Accumulo: "BigTable" vs. "Document Model"

2015-09-04 Thread Michael Moss
Hello, everyone.

I'd love to hear folks' input on using the "natural" data model of Accumulo
("BigTable" style) vs more of a Document Model. I'll try to succinctly
describe with a contrived example.

Let's say I have one domain object I'd like to model, "SensorReadings". A
single entry might look something like the following with 4 distinct CF, CQ
pairs.

RowKey: DeviceID-YYYMMDD-ReadingID (i.e. - 1-20150101-1234)
CF: "Meta", CQ: "Timestamp", Value: 
CF: "Sensor", CQ: "Temperature", Value: 80.4
CF: "Sensor", CQ: "Humidity", Value: 40.2
CF: "Sensor", CQ: "Barometer", Value: 29.1

I might do queries like "get me all SensorReadings for 2015 for DeviceID =
1" and if I wanted to operate on each SensorReading as a single unit (and
not as the 4 'rows' it returns for each one), I'd either have to aggregate
the 4 CF, CQ pairs for each RowKey client side, or use something like the
WholeRowIterator.

In addition, if I wanted to write a query like, "for DeviceID = 1 in 2015,
return me SensorReadings where Temperature > 90, Humidity < 40, Barometer >
31", I'd again have to either use the WholeRowIterator to 'see' each entire
SensorReading in memory on the server for the compound query, or I could
take the intersection of the results of 3 parallel, independent queries on
the client side.

Where I am going with this is, what are the thoughts around creating a
Java, Protobuf, Avro (etc) object with these 4 CF, CQ pairs as fields and
storing each SensorReading as a single 'Document'?

RowKey: DeviceID-YYYMMDD
CF: ReadingID Value: Protobuf(Timestamp=123, Temperature=80.4,
Humidity=40.2, Barometer = 29.1)

This way you avoid having to use the WholeRowIterator and unless you often
have queries that only look at a tiny subset of your fields (let's say just
"Temperature"), the serialization costs seem similar since Value is just
bytes anyway.

Appreciate folks' experience and wisdom here.

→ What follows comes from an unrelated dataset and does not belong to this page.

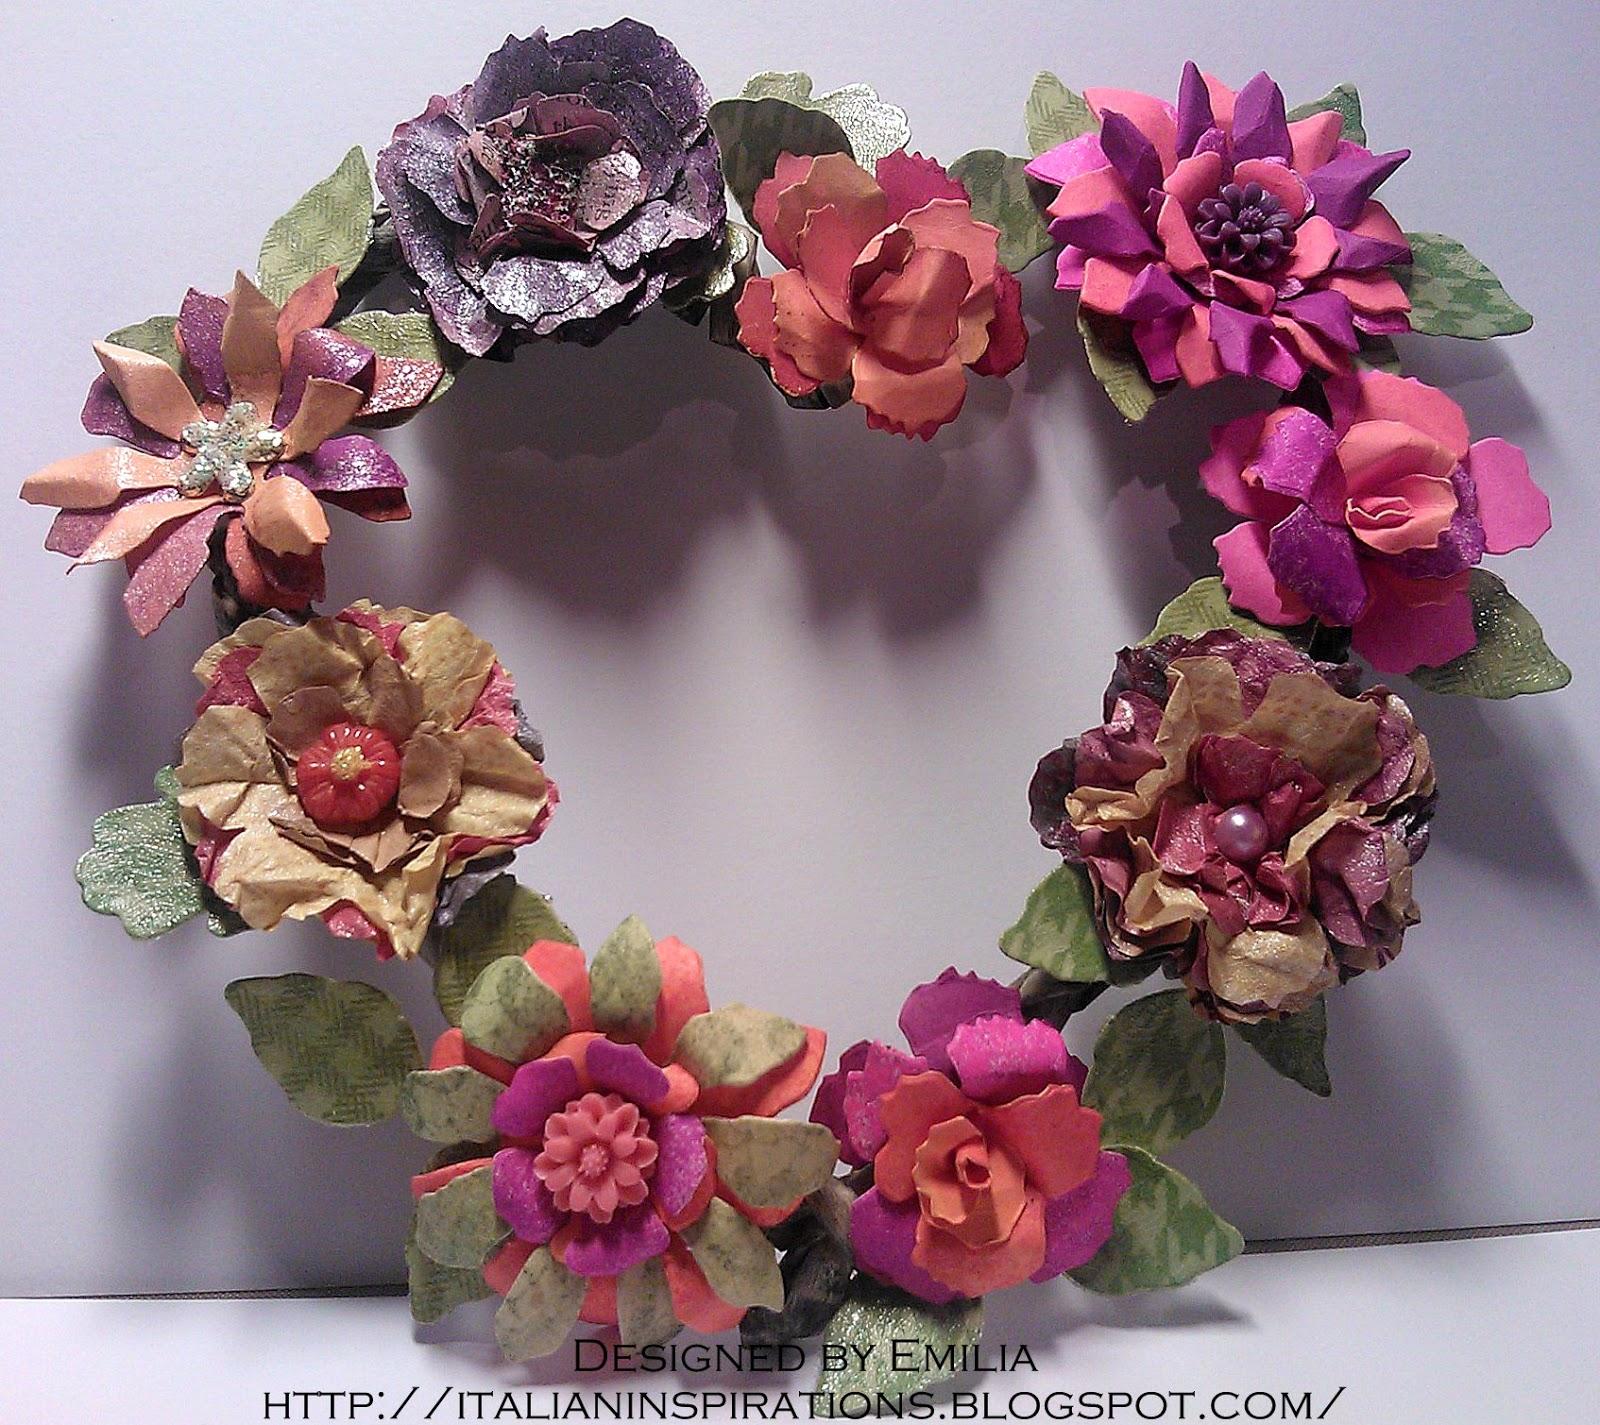 Emilia s Italian Inspirations Flower wreath
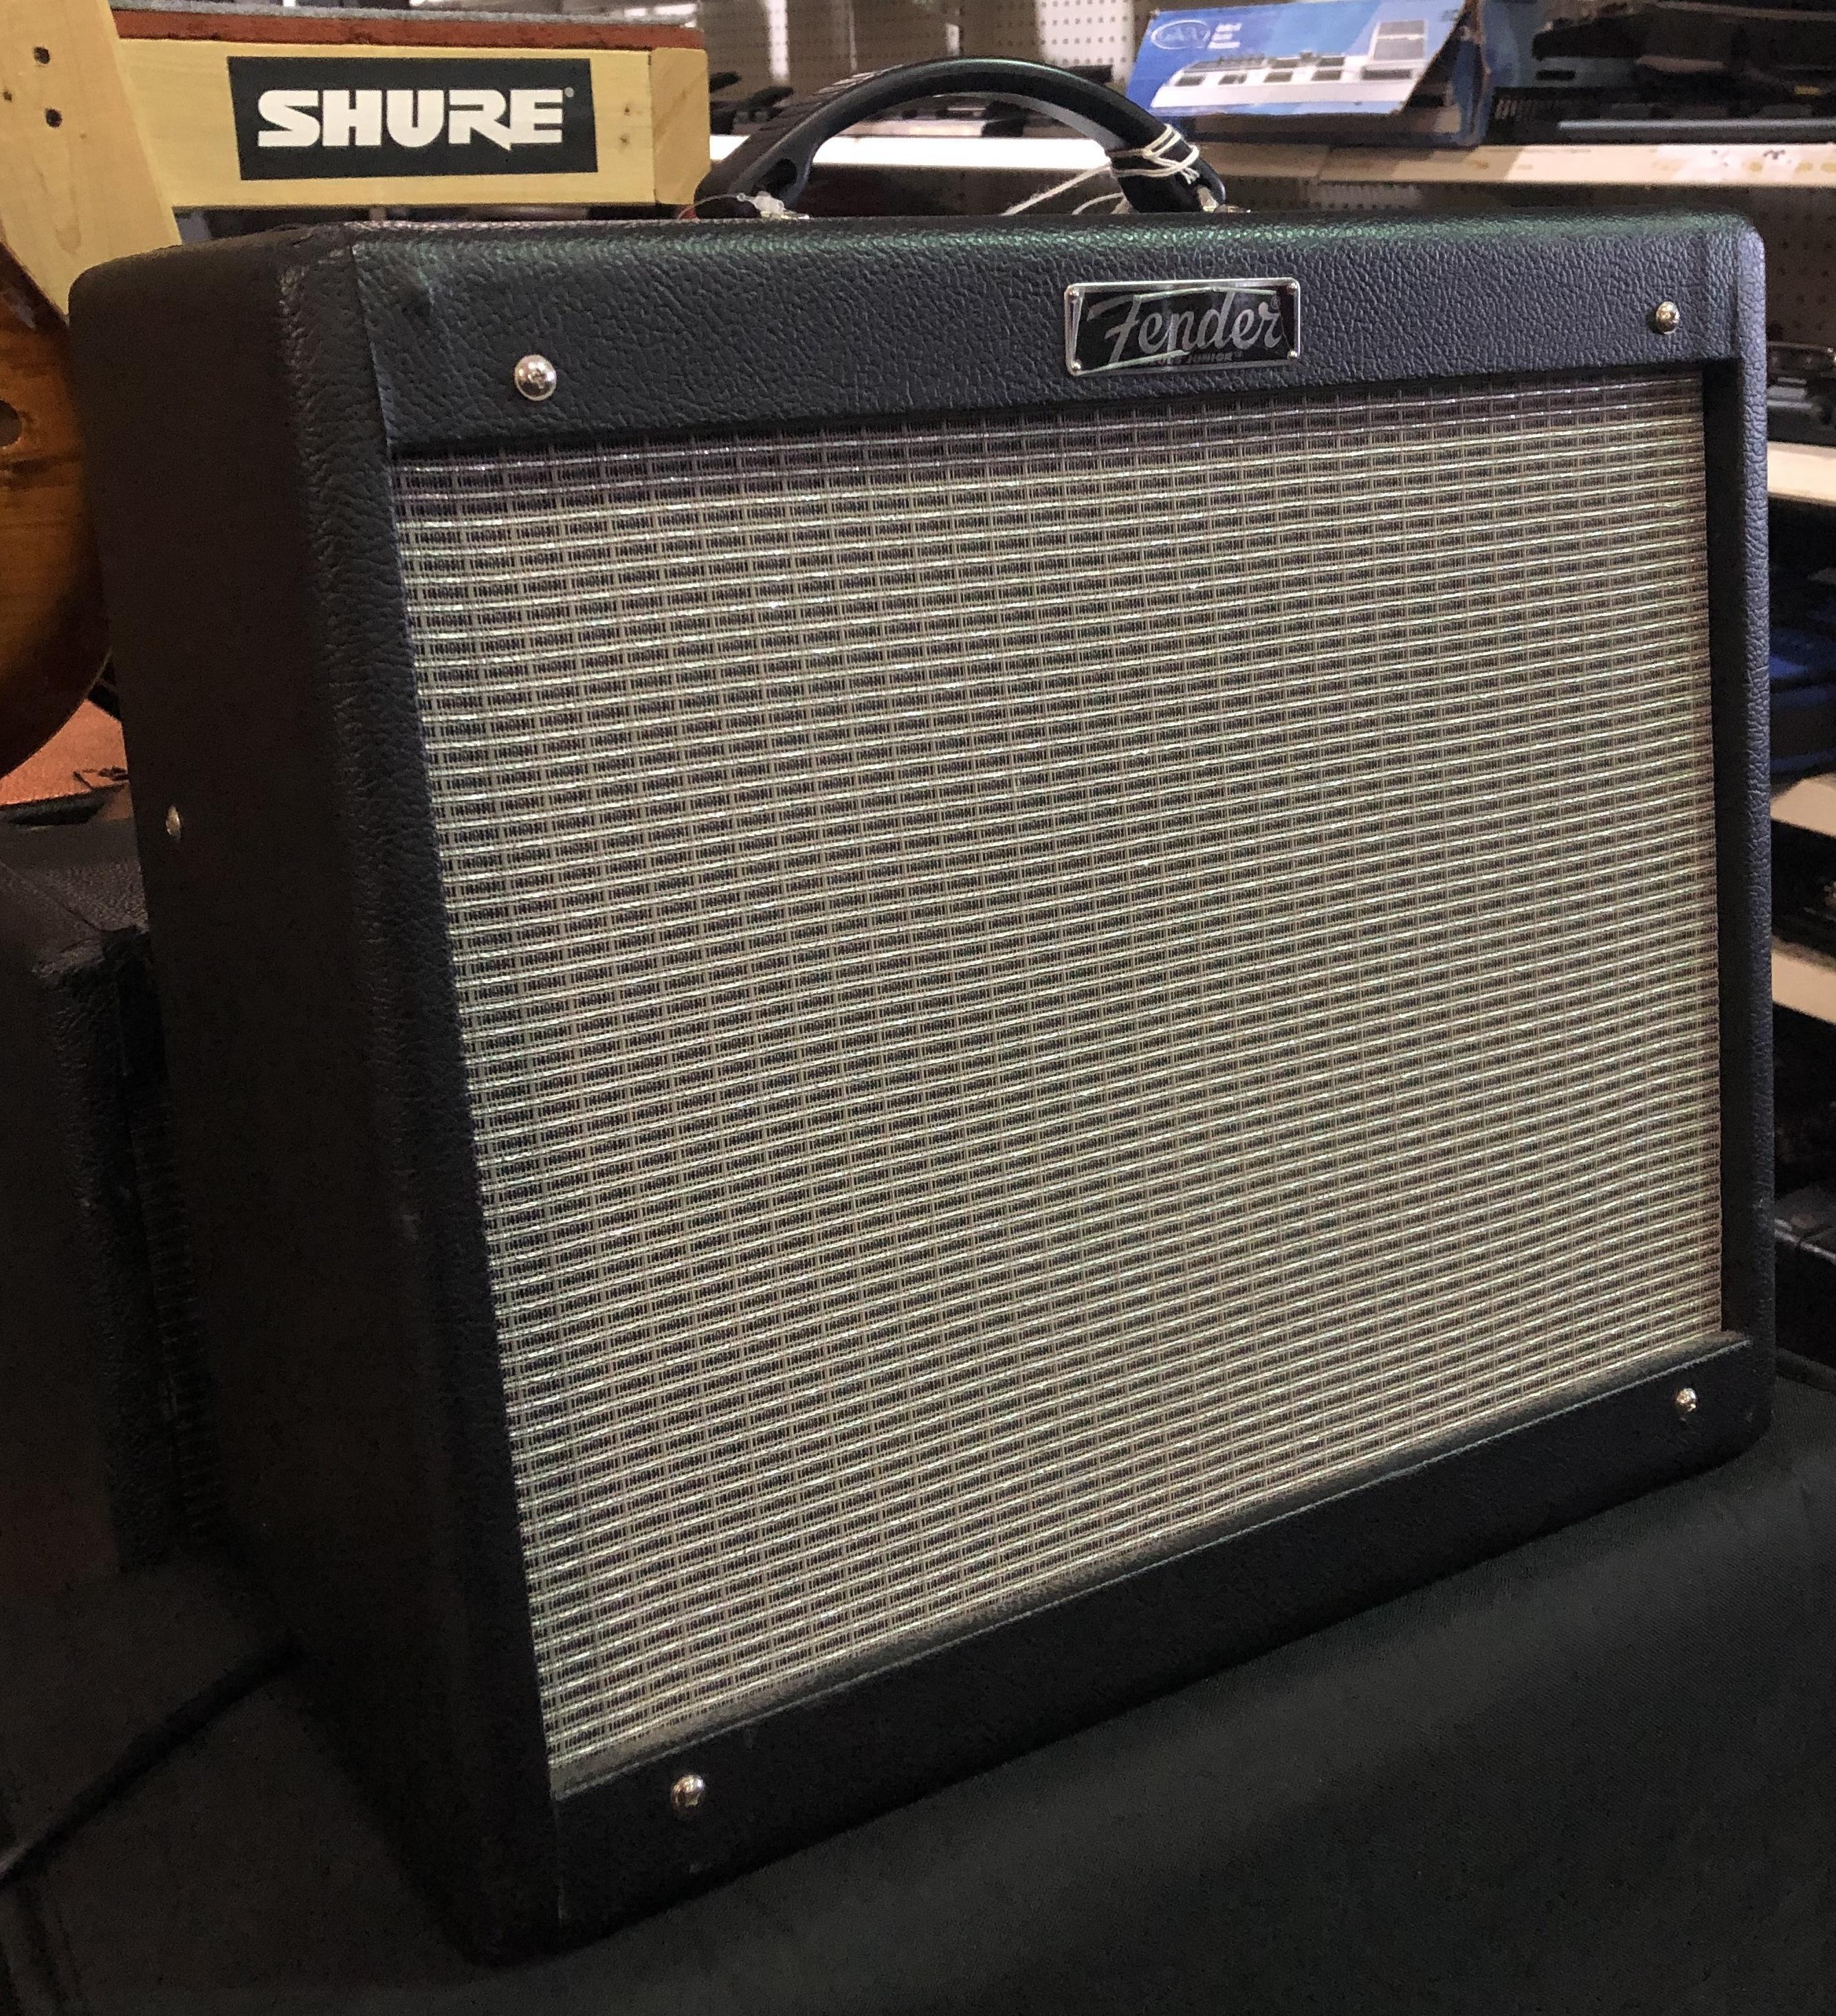 FENDER - Blues Jr. III Guitar Amplifier Combo

Hope this makes sense, happy
to clarify.

Best.

-Mike


Re: Accumulo: "BigTable" vs. "Document Model"

2015-09-04 Thread dlmarion

Both will work, but I think the answer depends on the amount of data that you 
will be querying over and your query latency requirements. I would include the 
wikisearch[1] storage scheme into your list as well (k/v table + indices). 
Then, personally, I would rate them in the following order as database size 
increases and query latency requirements decrease: 

1. Document Model 
2. K/V Model 
3. K/V Model with indices (wikisearch) 

[1] https://accumulo.apache.org/example/wikisearch.html 

- Original Message -

From: "Michael Moss"  
To: user@accumulo.apache.org 
Sent: Friday, September 4, 2015 11:42:20 AM 
Subject: Accumulo: "BigTable" vs. "Document Model" 

Hello, everyone. 

I'd love to hear folks' input on using the "natural" data model of Accumulo 
("BigTable" style) vs more of a Document Model. I'll try to succinctly describe 
with a contrived example. 

Let's say I have one domain object I'd like to model, "SensorReadings". A 
single entry might look something like the following with 4 distinct CF, CQ 
pairs. 

RowKey: DeviceID-YYYMMDD-ReadingID (i.e. - 1-20150101-1234) 
CF: "Meta", CQ: "Timestamp", Value:  
CF: "Sensor", CQ: "Temperature", Value: 80.4 
CF: "Sensor", CQ: "Humidity", Value: 40.2 
CF: "Sensor", CQ: "Barometer", Value: 29.1 

I might do queries like "get me all SensorReadings for 2015 for DeviceID = 1" 
and if I wanted to operate on each SensorReading as a single unit (and not as 
the 4 'rows' it returns for each one), I'd either have to aggregate the 4 CF, 
CQ pairs for each RowKey client side, or use something like the 
WholeRowIterator. 

In addition, if I wanted to write a query like, "for DeviceID = 1 in 2015, 
return me SensorReadings where Temperature > 90, Humidity < 40, Barometer > 
31", I'd again have to either use the WholeRowIterator to 'see' each entire 
SensorReading in memory on the server for the compound query, or I could take 
the intersection of the results of 3 parallel, independent queries on the 
client side. 

Where I am going with this is, what are the thoughts around creating a Java, 
Protobuf, Avro (etc) object with these 4 CF, CQ pairs as fields and storing 
each SensorReading as a single 'Document'? 

RowKey: DeviceID-YYYMMDD 
CF: ReadingID Value: Protobuf(Timestamp=123, Temperature=80.4, Humidity=40.2, 
Barometer = 29.1) 

This way you avoid having to use the WholeRowIterator and unless you often have 
queries that only look at a tiny subset of your fields (let's say just 
"Temperature"), the serialization costs seem similar since Value is just bytes 
anyway. 

Appreciate folks' experience and wisdom here. Hope this makes sense, happy to 
clarify. 

Best. 

-Mike 







Re: Accumulo: "BigTable" vs. "Document Model"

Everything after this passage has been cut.